All of the data, word for word and free of pictures, is the expected result.

**INFORMATION SHOWN:**
== == ==

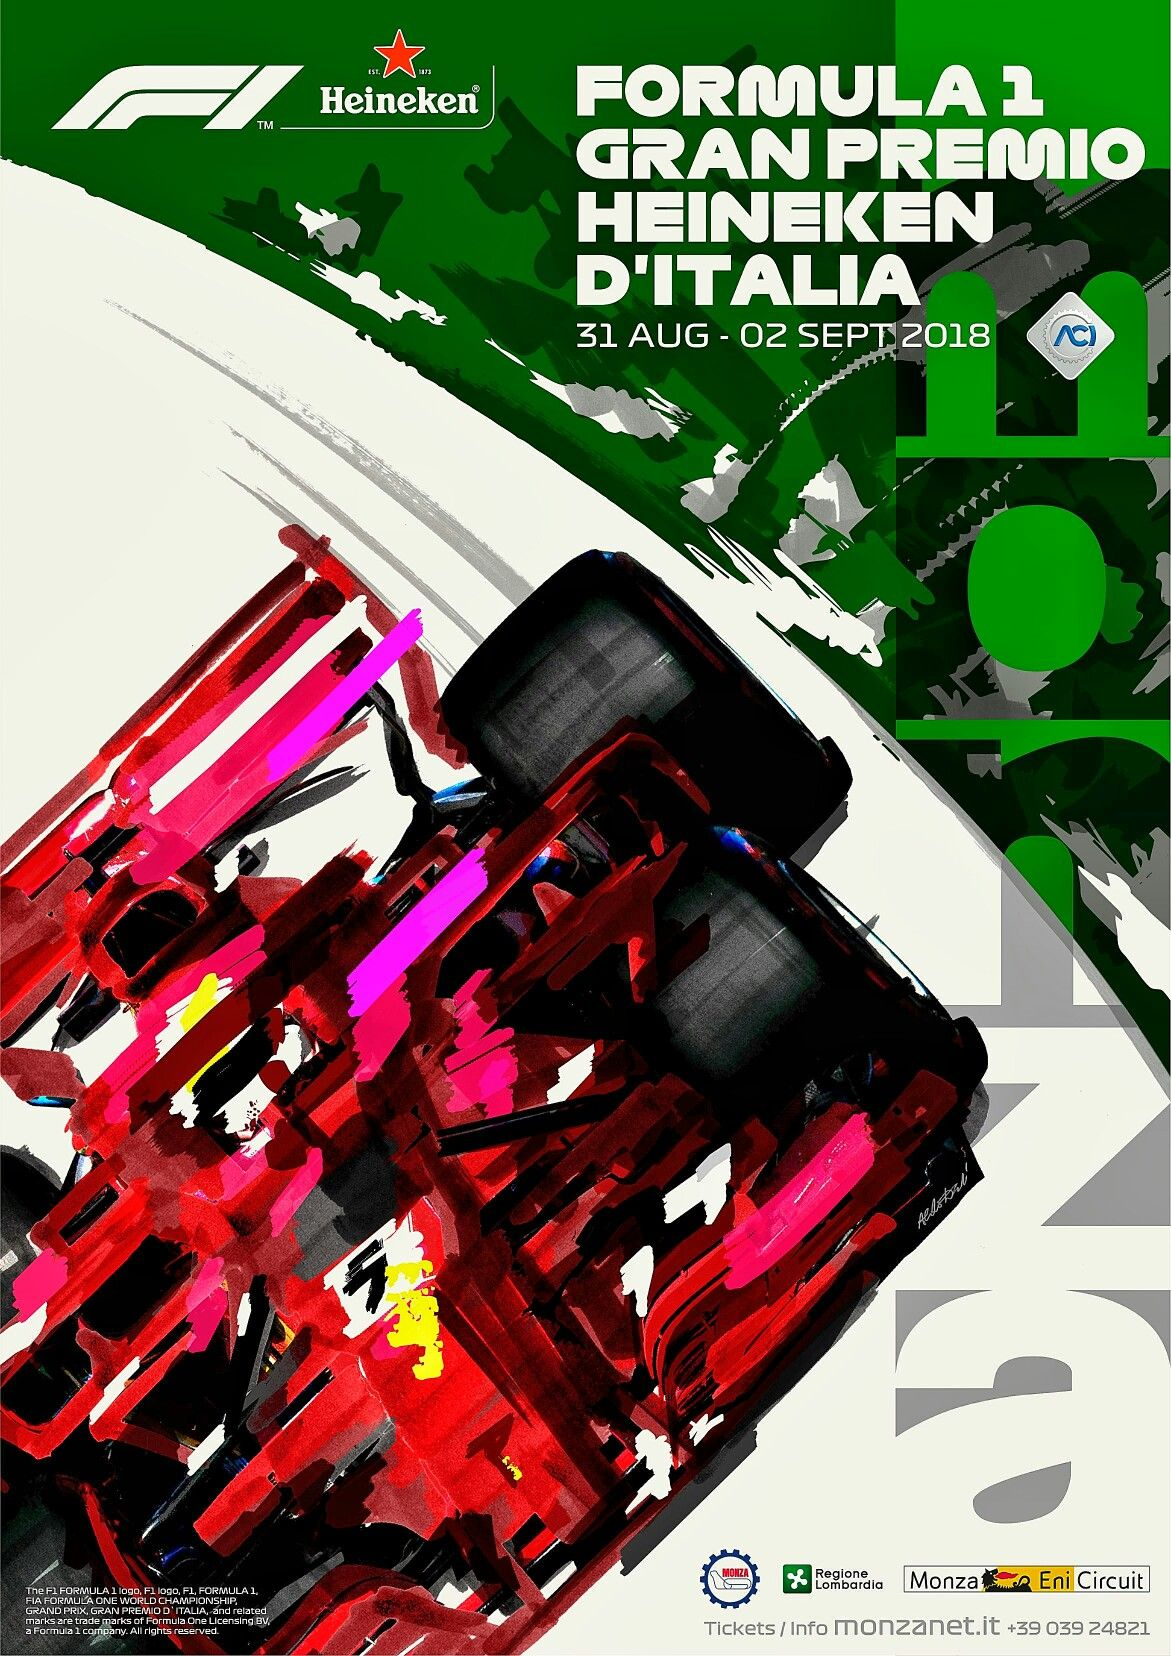 2018 Italian Gp Official Event Poster Features Sebastian Vettel S Ferrari Sf71h On The Old Monza Ba Grand Prix Posters Italian Grand Prix Vintage Racing Poster
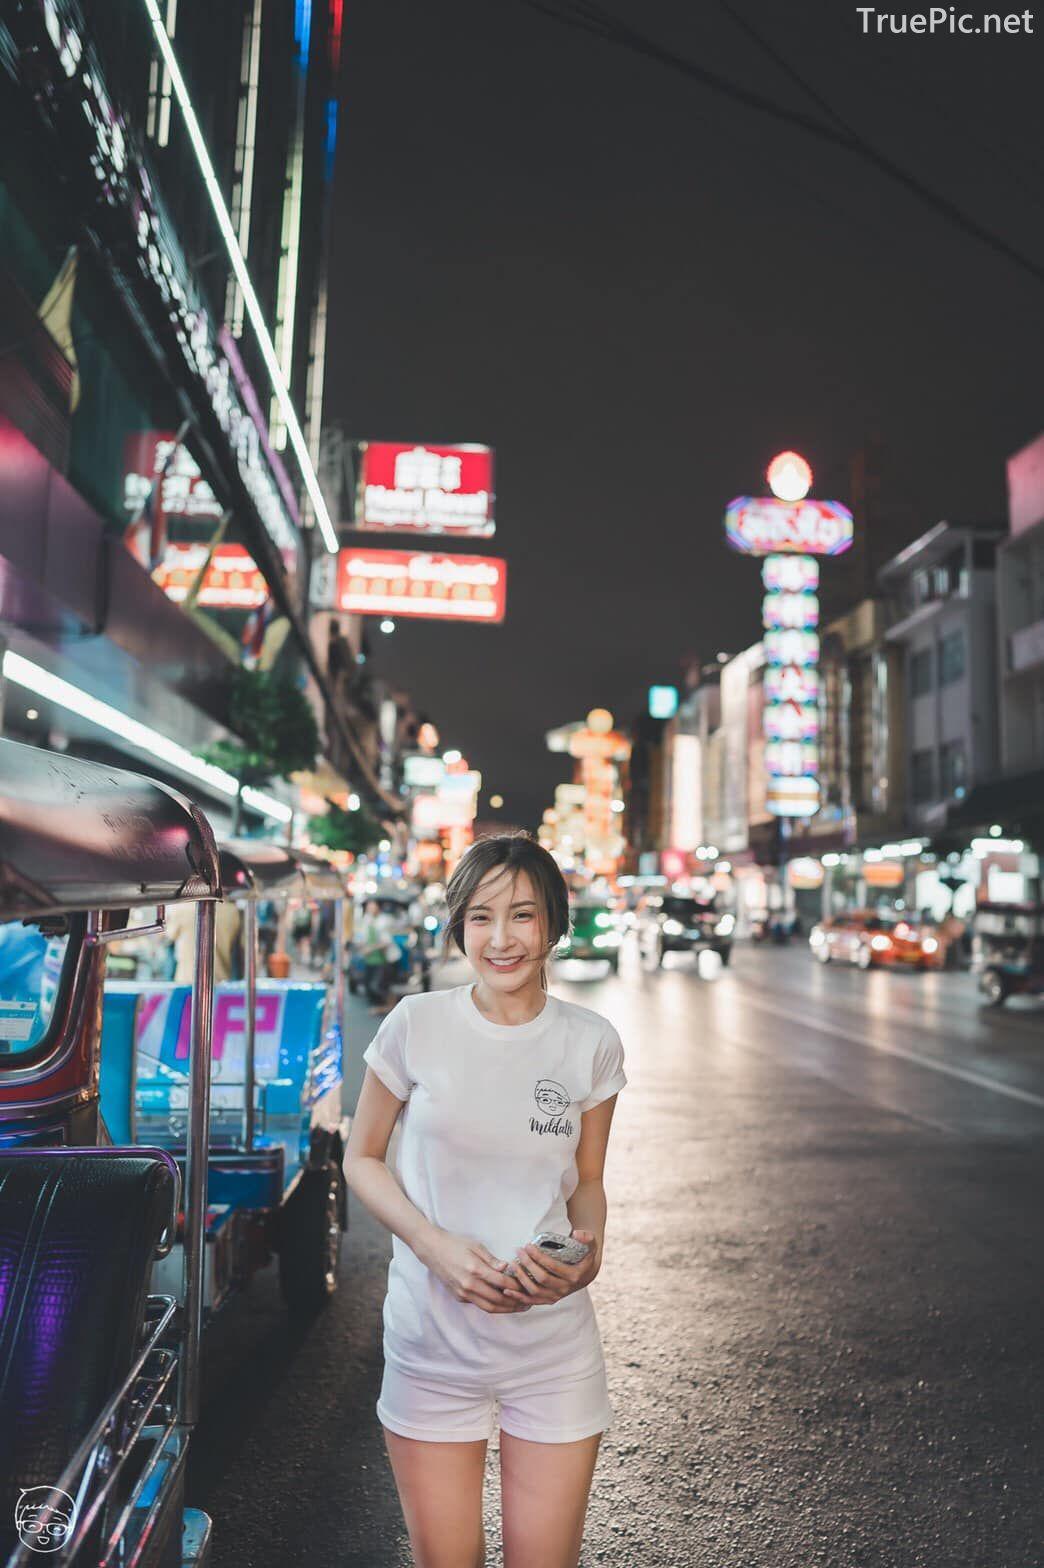 Thailand Hot Girl - Thanyarat Charoenpornkittada - Bustling City Tours - TruePic.net - Picture 8
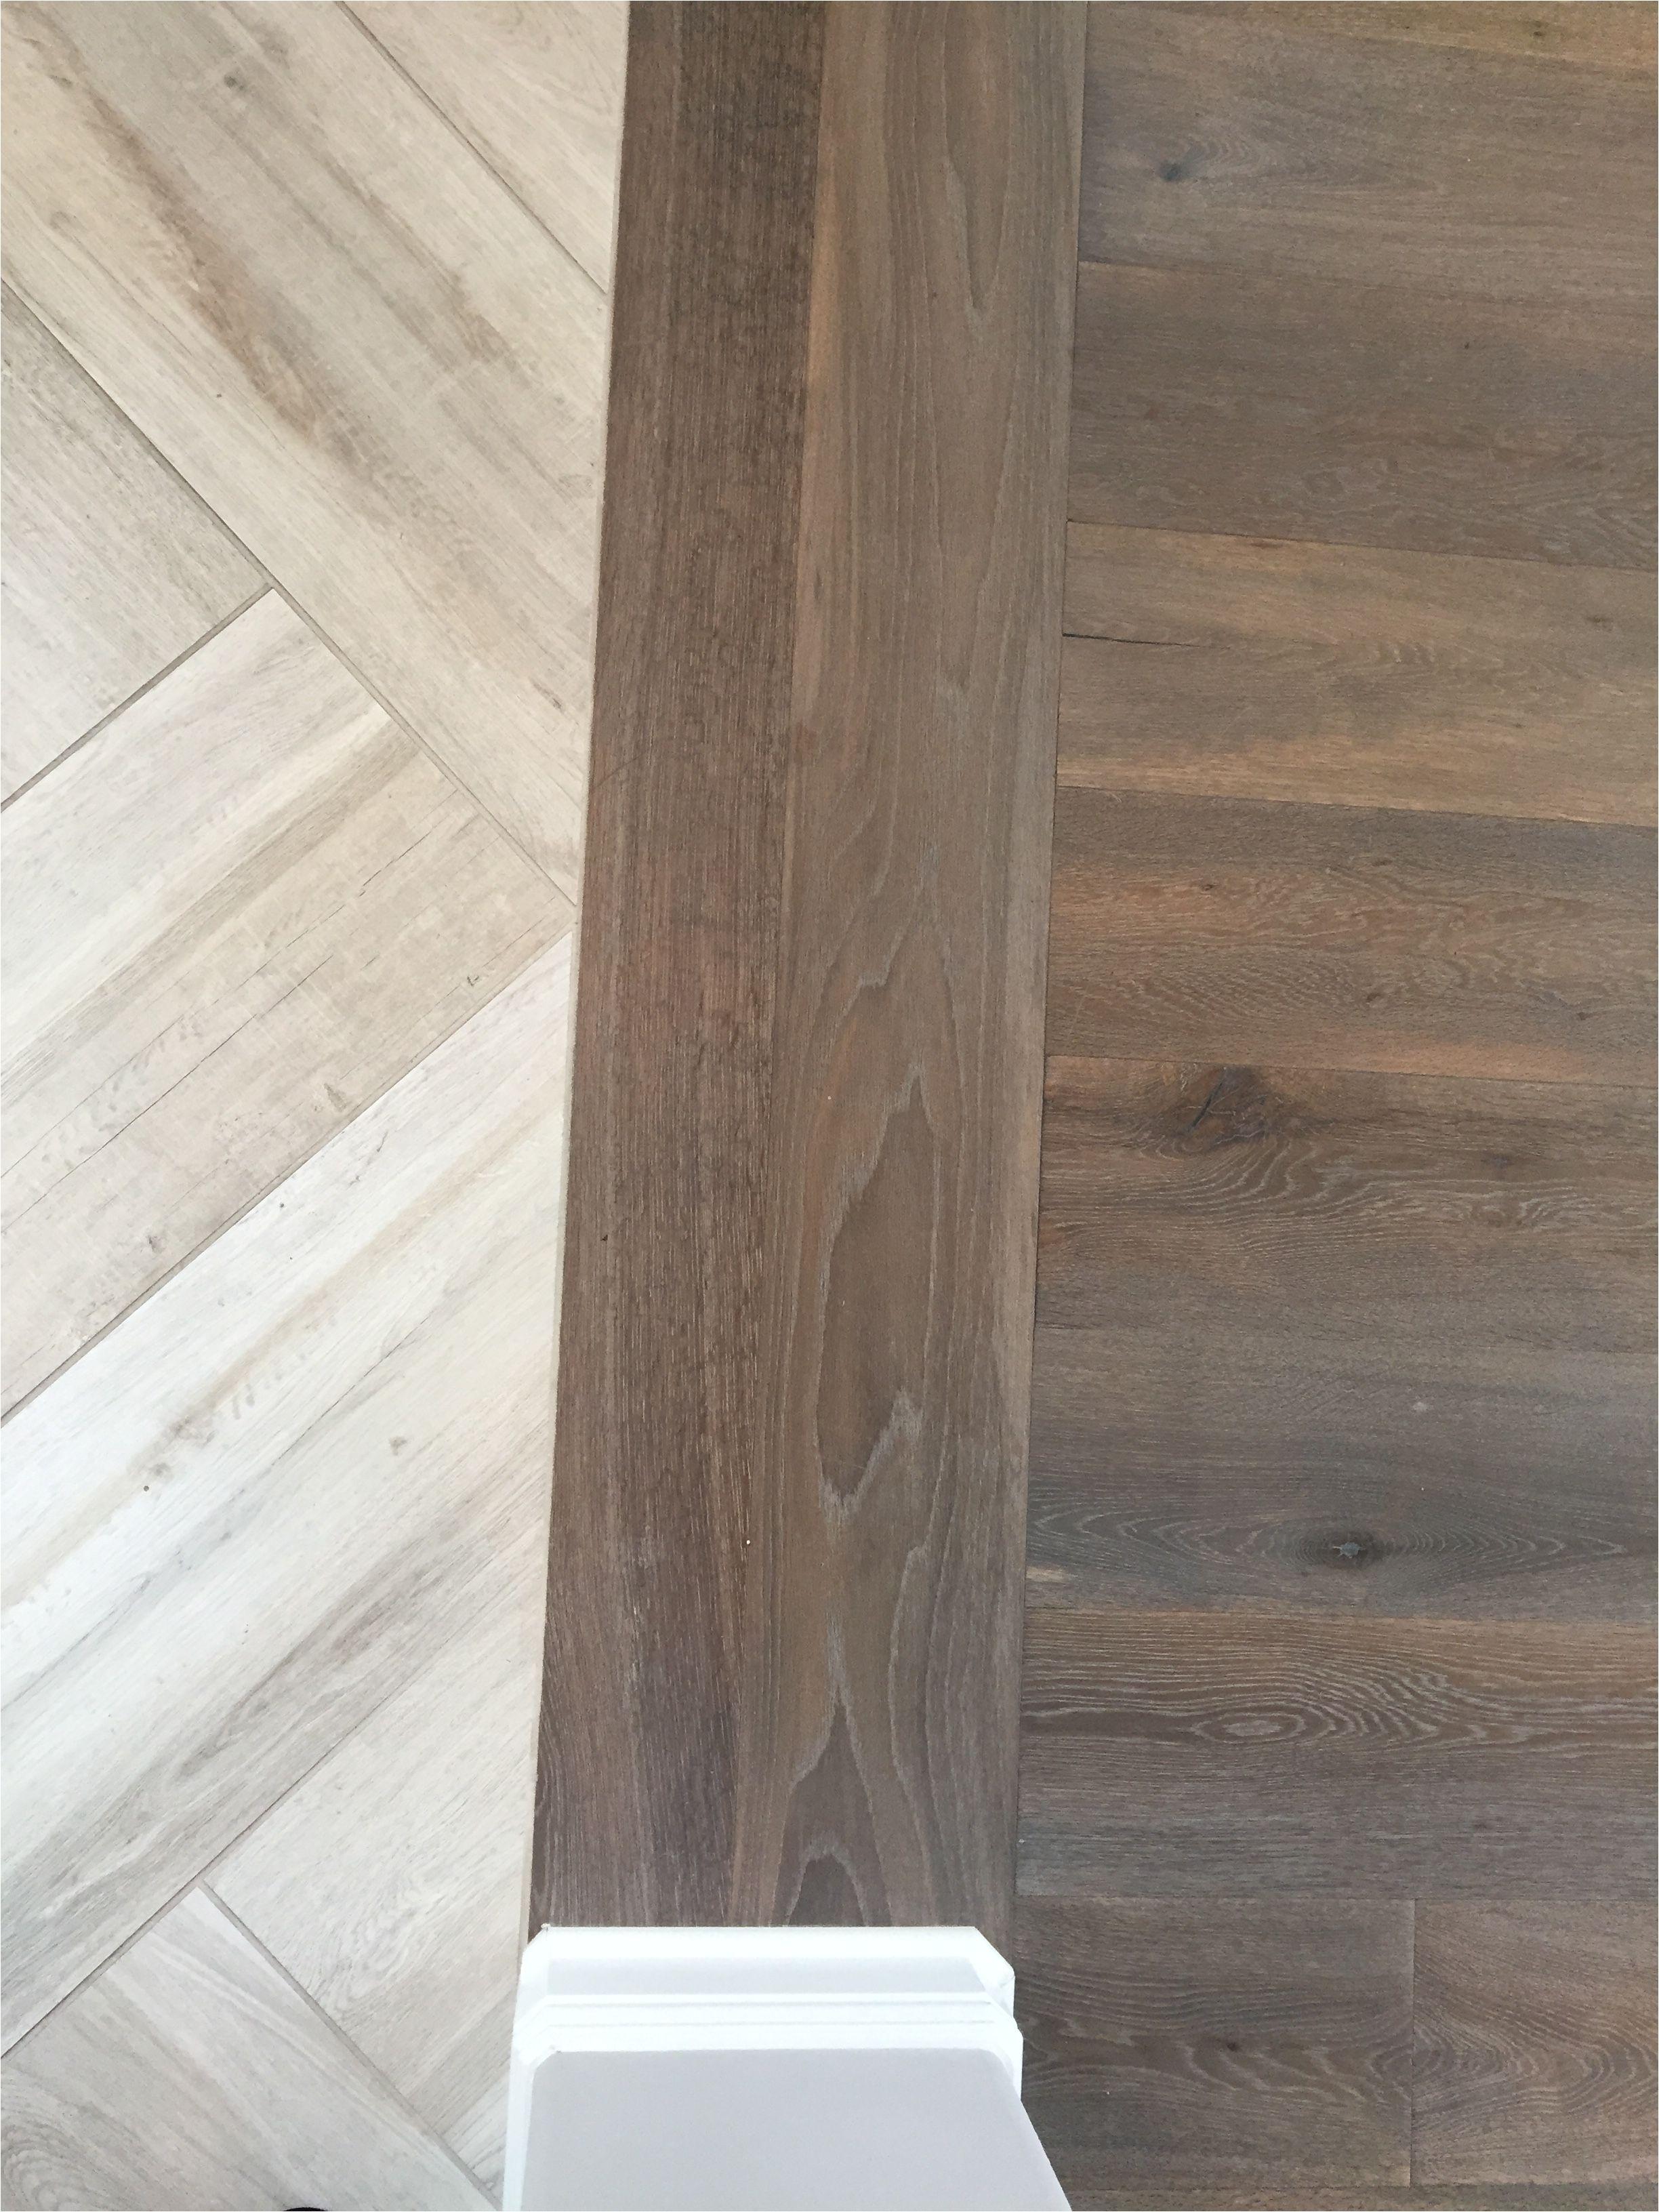 Wood Flooring for Mobile Homes Floor Transition Laminate to Herringbone Tile Pattern Model

== == ==

**TASK RESPONSE:**
 2018 Italian Gp Official Event Poster Features Sebastian Vettel S Ferrari Sf71h On The Old Monza Ba Grand Prix Posters Italian Grand Prix Vintage Racing Poster
 Thailand Hot Girl - Thanyarat Charoenpornkittada - Bustling City Tours - TruePic.net - Picture 8
 Wood Flooring for Mobile Homes Floor Transition Laminate to Herringbone Tile Pattern Model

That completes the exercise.